CICC pointed out that the loading volume of the Saudi East-West pipeline has increased to 2.9 million barrels per day. The Red Sea Yanbu port’s alternative export capacity is rapidly improving, but route risk premiums still support high VLCC freight rates. In the longer term, global commercial and strategic inventories may be significantly reduced. Under energy security drives, countries’ replenishment needs are expected to create transportation growth on an annual basis, contrary to the overcapacity caused by inventory buildup after the 2020 oil price war.

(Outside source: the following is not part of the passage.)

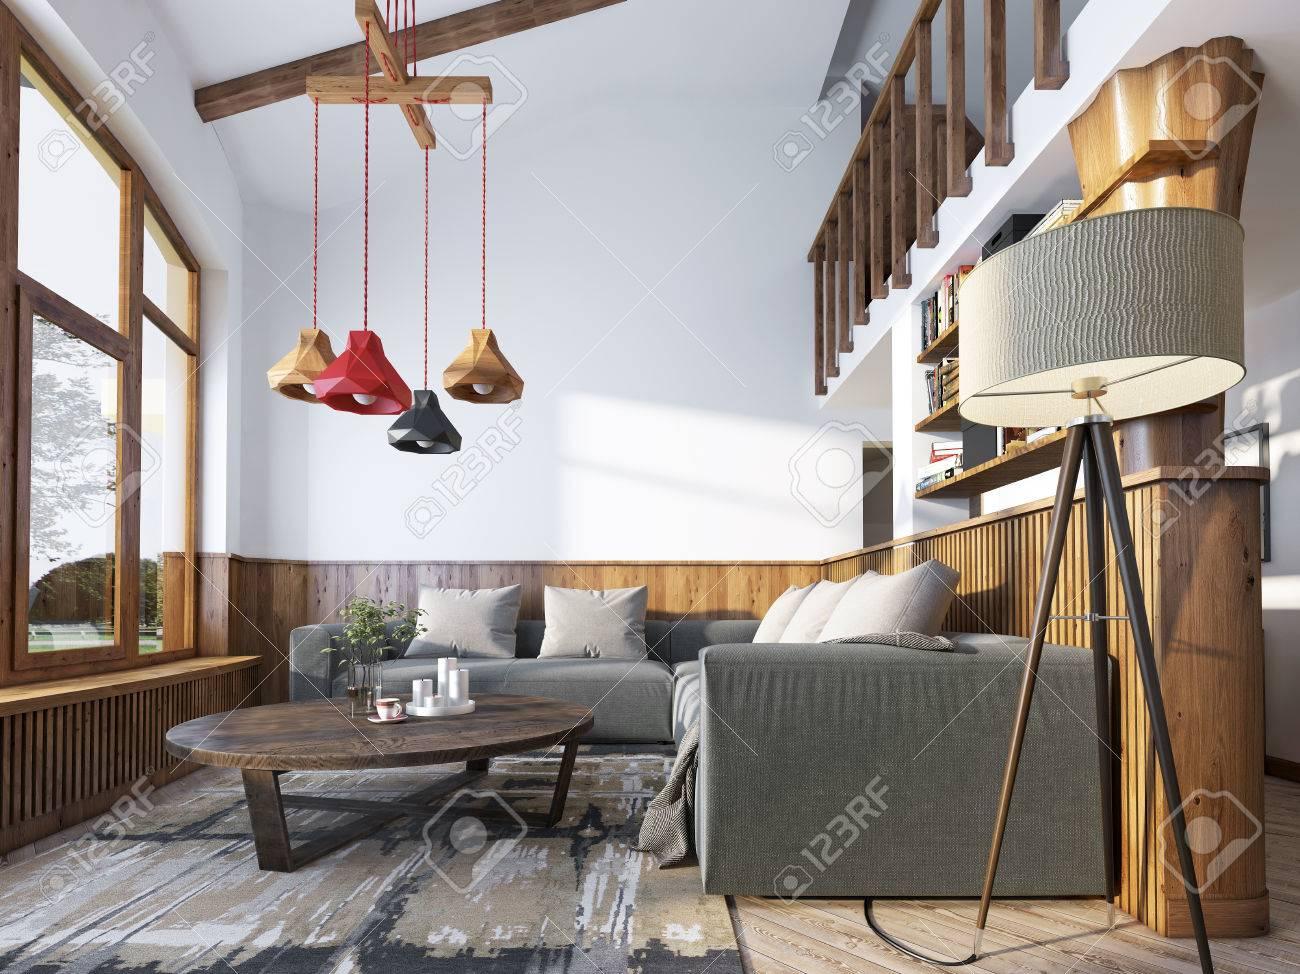 Moderne Wohnzimmer In Einem Loft Stil. Wohnzimmer Mit Ecksofa Und Wand Mit  Holzverkleidung Und

As of 09:41 on March 16, 2026, the China Securities Petroleum and Natural Gas Index (399439) surged 1.12%, with Haimo Technology up 9.17%, Intercontinental Oil & Gas up 6.55%, Hesong Petroleum up 5.84%, and stocks like Taishan Petroleum and Zhongman Petroleum also rising. The Penghua Petroleum ETF (159697) increased by 1.11%, with the latest price at 1.55 yuan.
The Penghua Petroleum ETF closely tracks the China Securities Petroleum and Natural Gas Index, which reflects the stock price changes of listed companies related to the petroleum and natural gas industry on the Shanghai and Shenzhen Stock Exchanges.
Data shows that as of February 27, 2026, the top ten holdings of the China Securities Petroleum and Natural Gas Index (399439) are China National Petroleum Corporation, China National Offshore Oil Corporation, Sinopec, Jereh Group, COSCO Shipping, China COSCO Energy, Guanghui Energy, Intercontinental Oil & Gas, Jiufeng Energy, and XinAo Holdings, which together account for 67.92% of the total weight.
The Penghua Petroleum ETF (159697) is an over-the-counter linked product (A: 019827; C: 019828; I: 022861).